Efficient and high-fidelity reconstruction of deformable surgical scenes is a critical yet challenging task. Building on recent advancements in 3D Gaussian splatting, current methods have seen significant improvements in both reconstruction quality and rendering speed. However, two major limitations remain: (1) difficulty in handling irreversible dynamic changes, such as tissue shearing, which are common in surgical scenes; and (2) the lack of hierarchical modeling for surgical scene deformation, which reduces rendering speed. To address these challenges, we introduce EH-SurGS, an efficient and high-fidelity reconstruction algorithm for deformable surgical scenes. We propose a deformation modeling approach that incorporates the life cycle of 3D Gaussians, effectively capturing both regular and irreversible deformations, thus enhancing reconstruction quality. Additionally, we present an adaptive motion hierarchy strategy that distinguishes between static and deformable regions within the surgical scene. This strategy reduces the number of 3D Gaussians passing through the deformation field, thereby improving rendering speed. Extensive experiments demonstrate that our method surpasses existing state-of-the-art approaches in both reconstruction quality and rendering speed. Ablation studies further validate the effectiveness and necessity of our proposed components. We will open-source our code upon acceptance of the paper.
Paper Structure (13 sections, 9 equations, 4 figures, 2 tables)

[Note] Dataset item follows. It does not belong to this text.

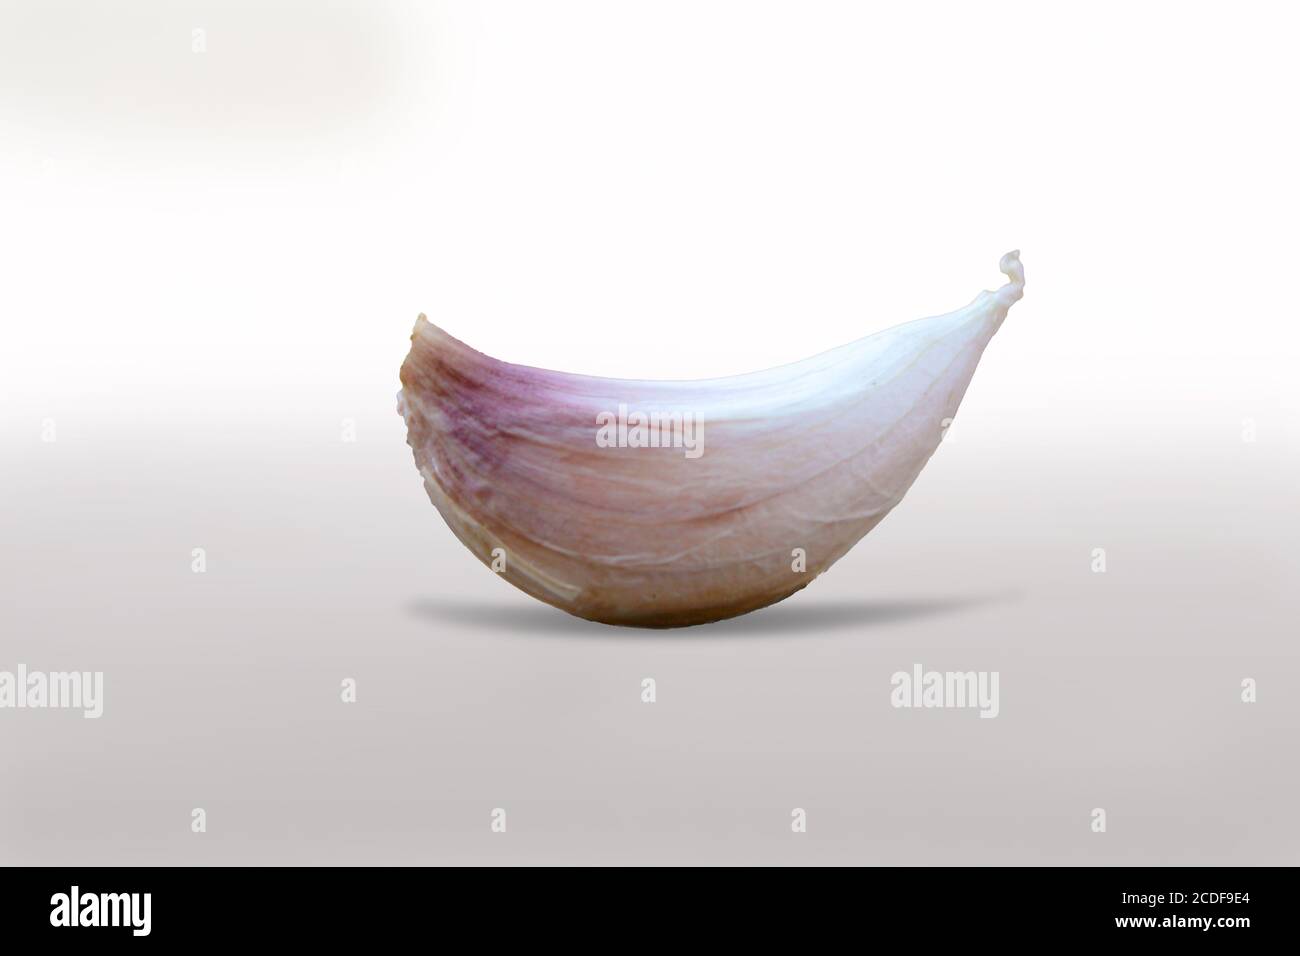 Garlic clove isolated on white background Stock Photo

This paper contains 13 sections, 9 equations, 4 figures, 2 tables.

Figures (4)

  • Figure 1: (a) Visualization of tissue shearing (yellow box) and static areas (red box) in a surgical scene. (b) Comparison of reconstruction quality (PSNR) and rendering speed (FPS) with state-of-the-art surgical scene reconstruction algorithms. Our method achieves state-of-the-art performance.

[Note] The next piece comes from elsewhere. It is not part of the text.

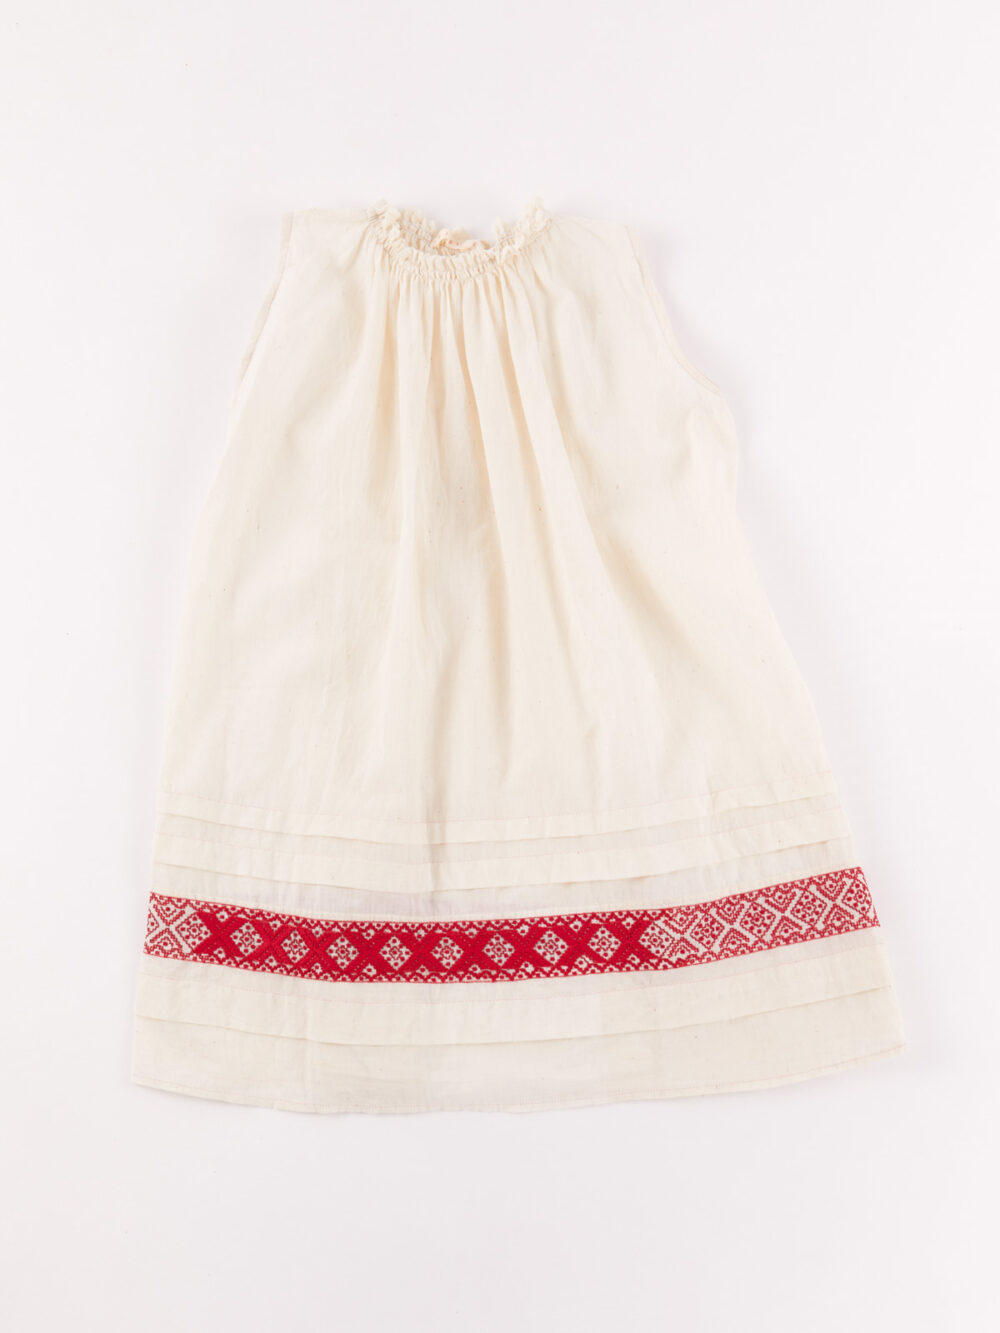 injiri sleeveless baby dress in ivory with red trim

  • Figure 2: Overview of EH-SurGS. It consists of two core modules: Deformation Modeling with Life Cycle (Sec. \ref{['sec:def']}) and Adaptive Motion Hierarchy Strategy (Sec. \ref{['sec:mask']}). EH-SurGS initializes the point cloud $P_0$ through back-projection based on the input RGB image, depth map, and surgical tool mask. $P_0$ is used to initialize 3D Gaussians to represent the canonical space. The Adaptive Motion Hierarchy Strategy is then applied to distinguish between deformable and static regions. For deformable regions, Deformation Modeling with Life Cycle is used to obtain the deformed Gaussians. Finally, RGB and depth are rendered through the differentiable tile rasterizer, and the loss is computed by comparing the rendered results with the inputs.

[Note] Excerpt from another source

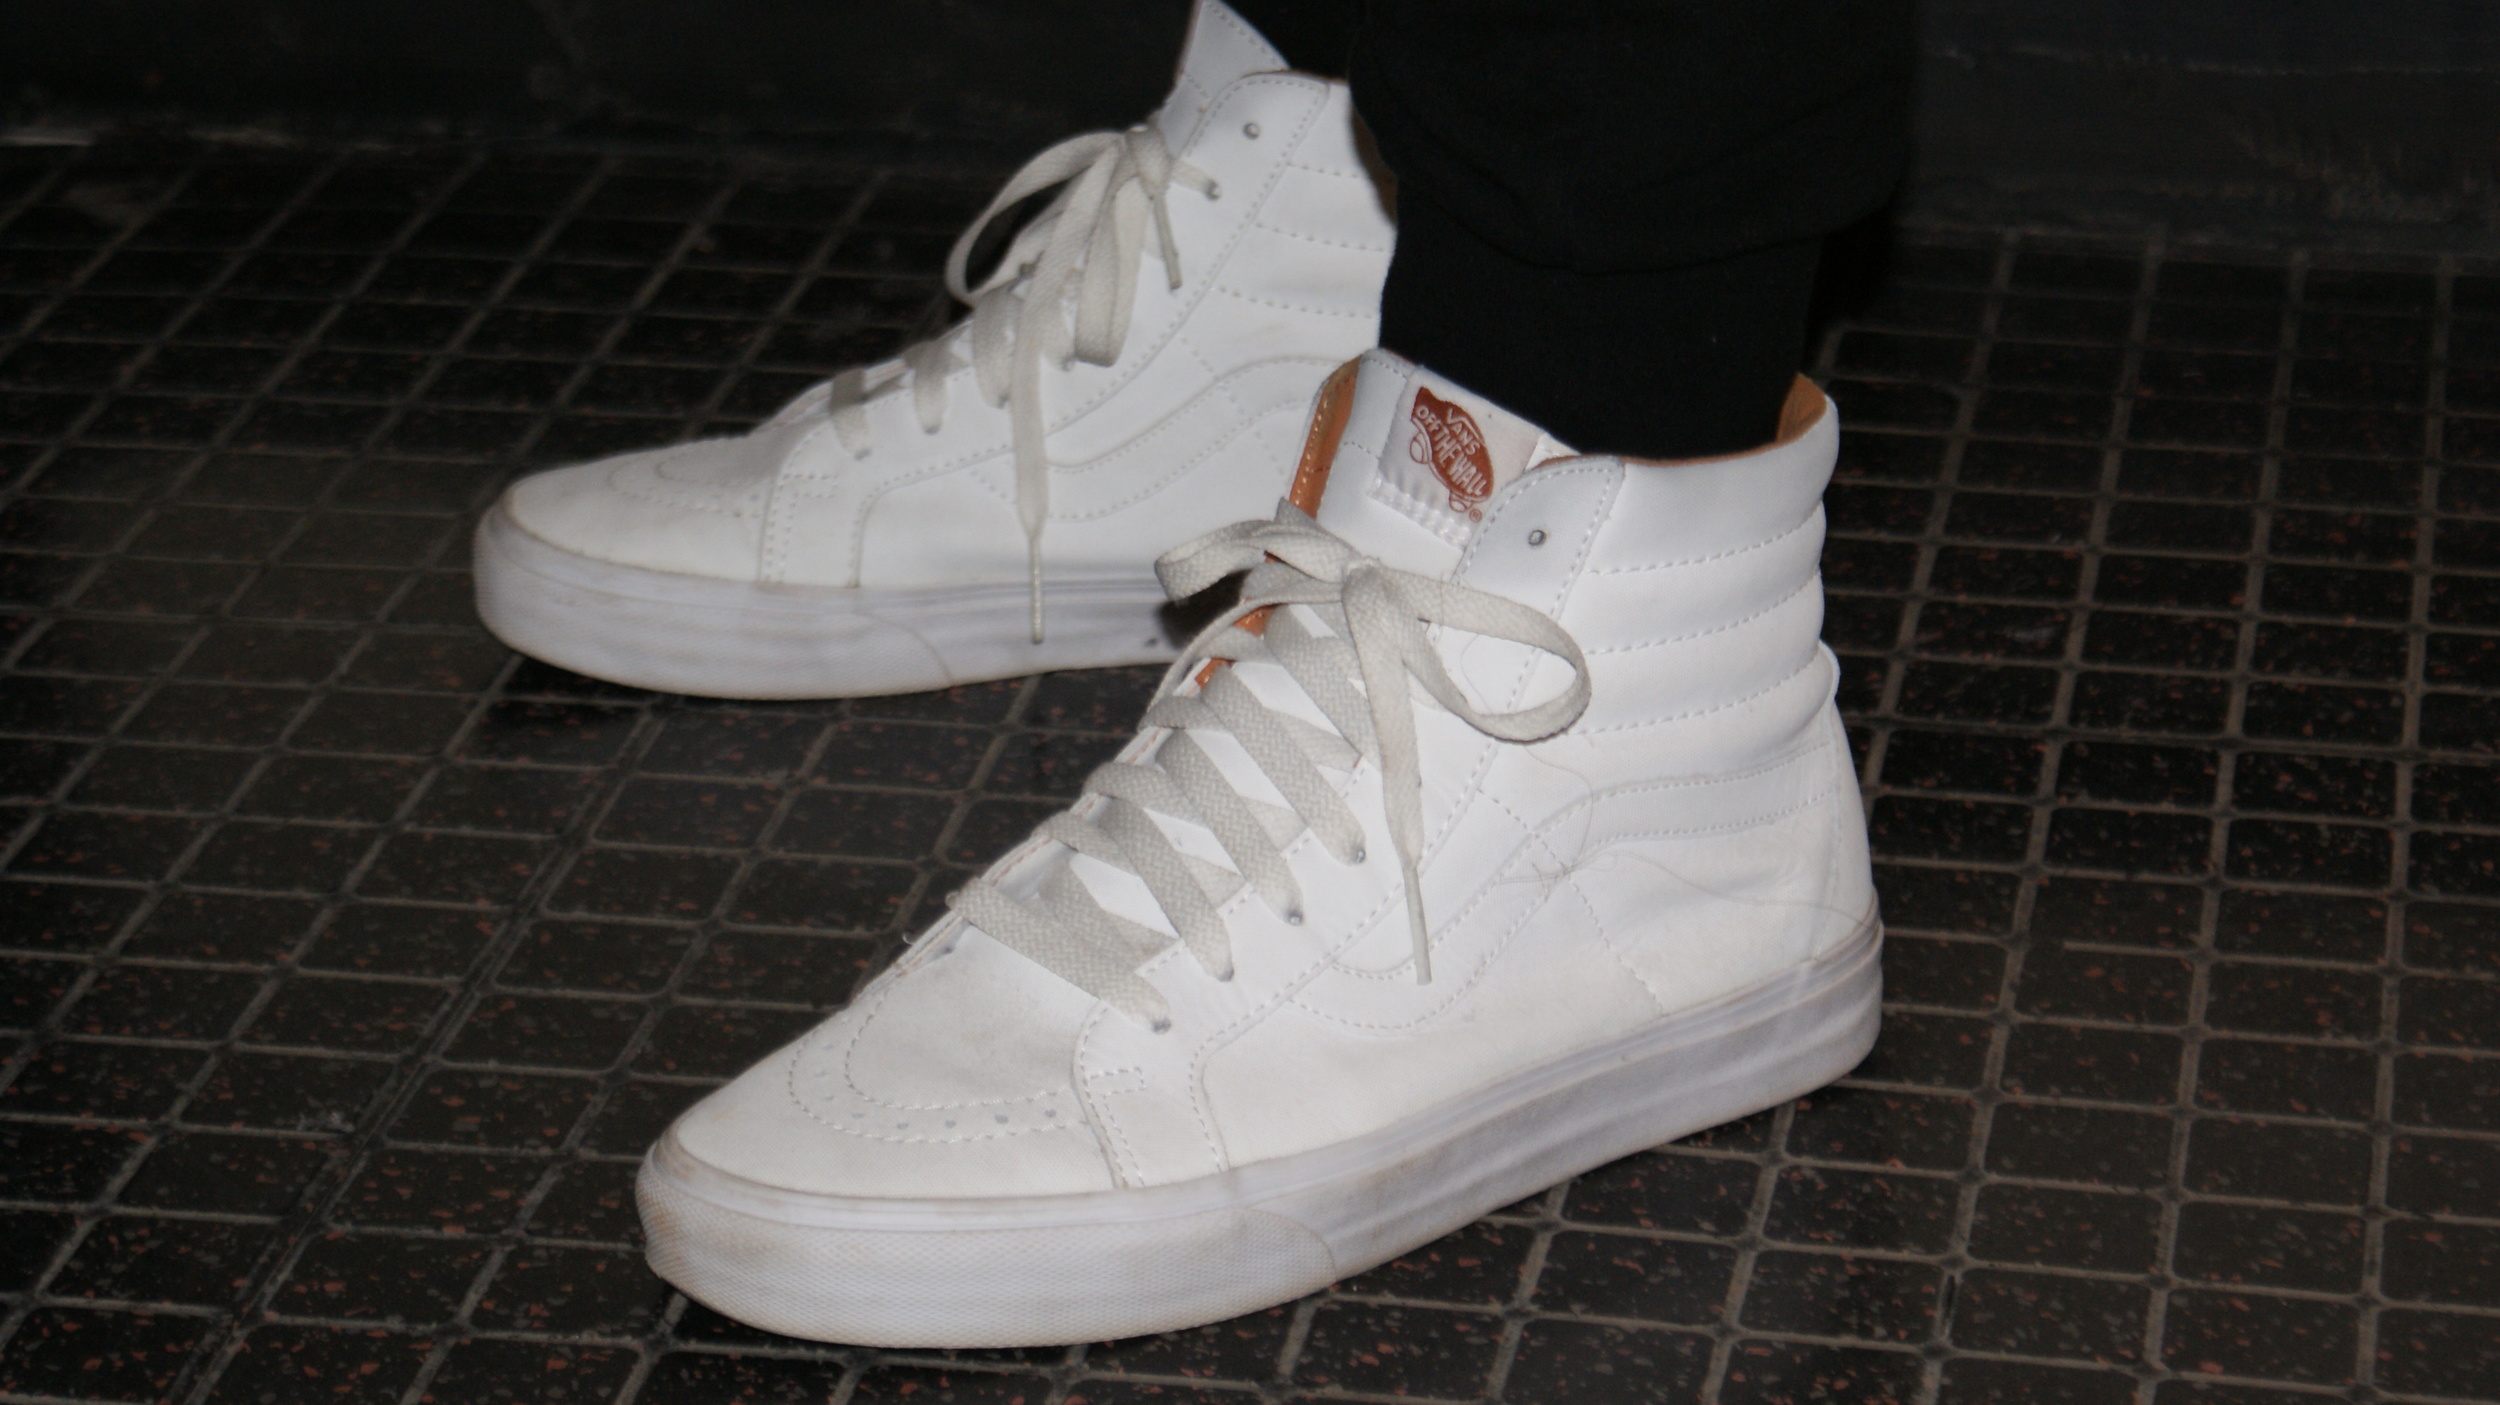 vans sk8 hi true white canvas skate shoes

  • Figure 3: Visualization of reconstruction results. The baselines show artifacts or blurriness in their reconstructions, while our approach achieves high-quality reconstruction performance.
  • Figure 4: (a) The rendered RGB image using the w/o LC model; (b) The rendered RGB image using our proposed deformation model (Full); (c) The rendered depth map using the w/o LC-add model; (d) The rendered depth map using our proposed deformation model (Full). Regions of interest are highlighted using red and yellow boxes.